I mean, I guess I don't know if you can put the family issue aside, but let's say that was resolved somehow. I mean, is there other advice you would give to people that--





HERNANDEZ:

Well, financially it has an impact.





NICOLAIDES:

Okay.





HERNANDEZ:

The reality is, you're naked. Everybody sees you. You don't have any secrets. People are out there trying to find ways to trip you. It's a difficult life.





NICOLAIDES:

Yeah.





HERNANDEZ:

And you're a public servant, and people need to understand that. The public can be merciless. They don't understand you're a person. I mean, people talk about burning the flag. I don't think they'd hesitate to burn a politician. But the public doesn't understand--this is just my perspective--they don't really understand the sacrifice that elected officials make, and it's not that we're all saints. It's just that there is a sacrifice that you have to make to serve the public, and don't expect to be thanked for it.





NICOLAIDES:

Yeah. Can I ask you one last question, which is what political accomplishment are you most proud of?





HERNANDEZ:

The one I haven't seen yet. I think I've impacted a lot of people's lives, but it amazes me the number of people who come up to me and acknowledge that I spoke at their graduation or they remember me for some action I took and that that made a difference in their lives. It happens every day, people talking to me about that. I know I made a difference in people's lives. When I got elected to office, I got sworn in at the elementary school and I had an ice cream social for the kids.

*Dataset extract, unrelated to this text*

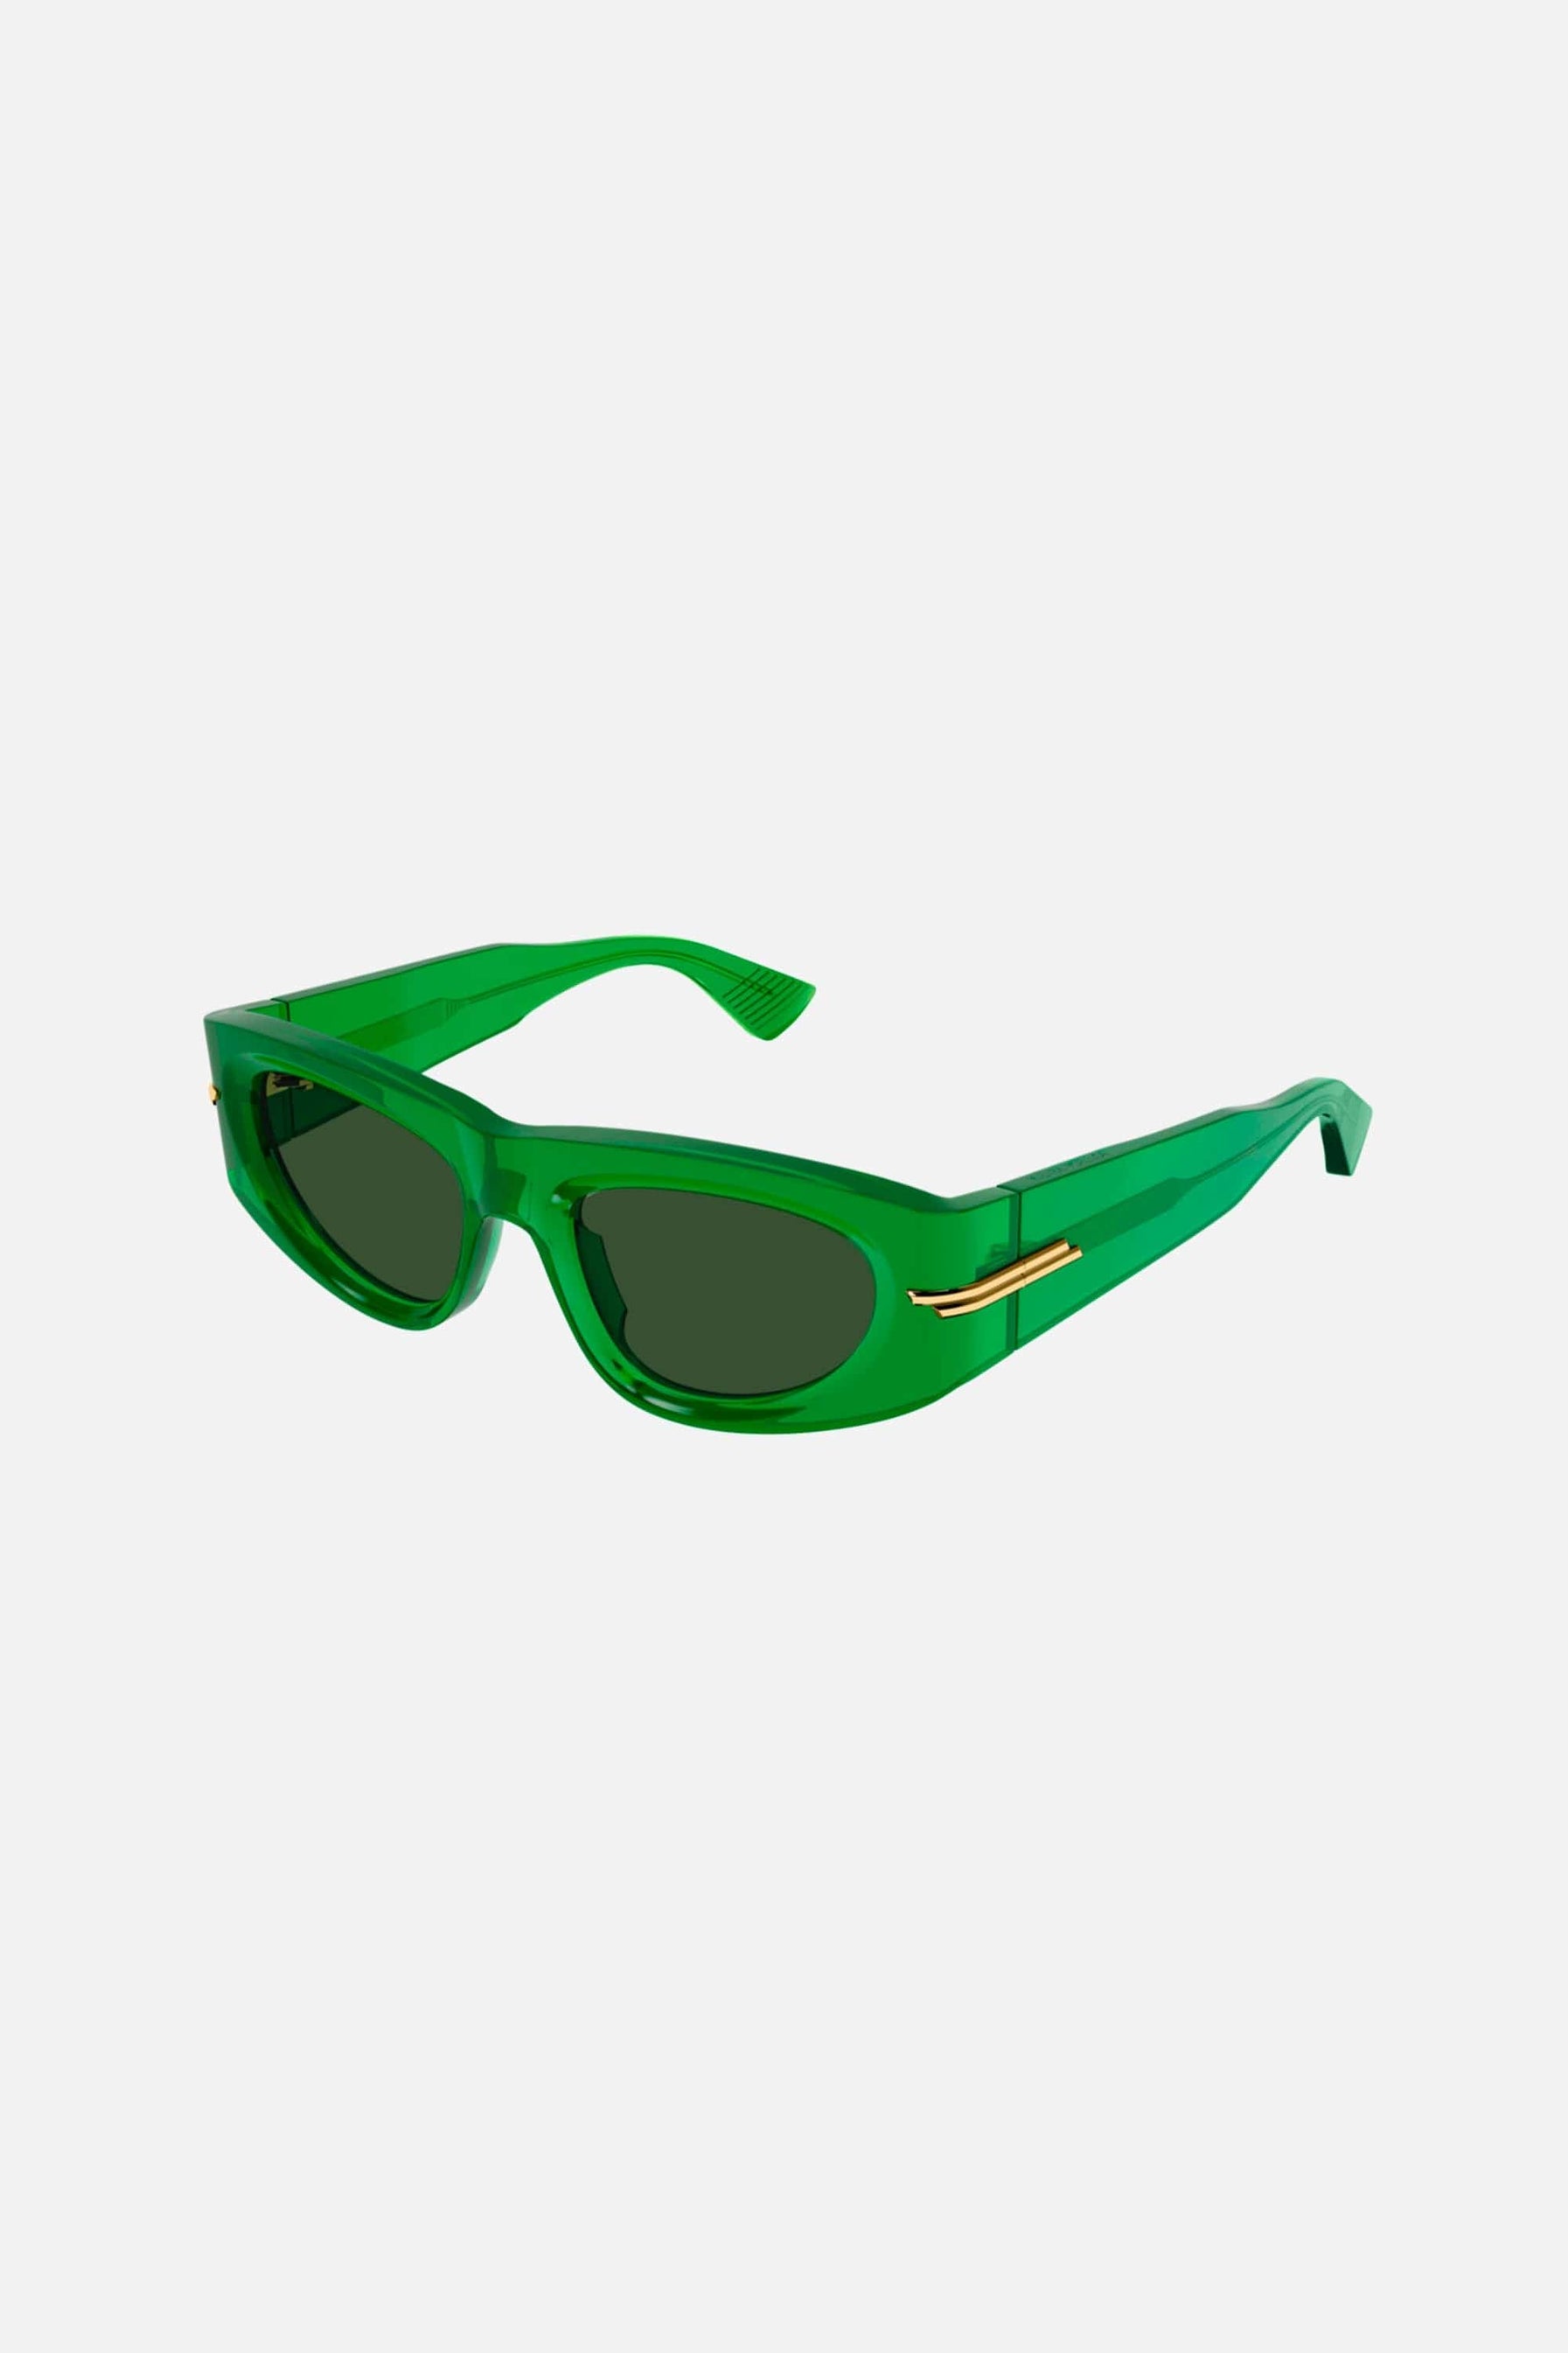 Bottega Veneta green rectangular sunglasses - Eyewear Club

A lot of those kids remember that, and they know they can be city council people. A lot of people are running for office but they were inspired by the fact that I ran and I got elected. So, to me, I wasn't able to serve as a role model. My arrest tarnished that, and that's why I don't believe I deserved to be in office after that. I honestly believe I didn't deserve to be in office after my arrest, but I honestly believe I didn't have anything to do with--people think you can control your addictions, and they don't understand how you get there. I had no idea how I got there, but it happened. But I'm not the only person it happened to. It happens to a lot of people, and it's a combination of reasons why it happens. Understanding the reasons allows you to try and change it, and if I can stop someone else from being a drunk, that's what I'm going to do. When I was on council, I actually had a concept of a sobriety district, and everybody would say, "What's that?" That's where you put rehab centers; that's where you don't allow billboards that advertise beer; that's where you don't allow liquor stores; that's where you allow social workers. In other words, you create an environment that is positive for sobriety, and I don't see why we don't have those kinds of districts. We allow for liquor licenses and we allow for entertainment districts, but we don't have a concept of a sobriety district.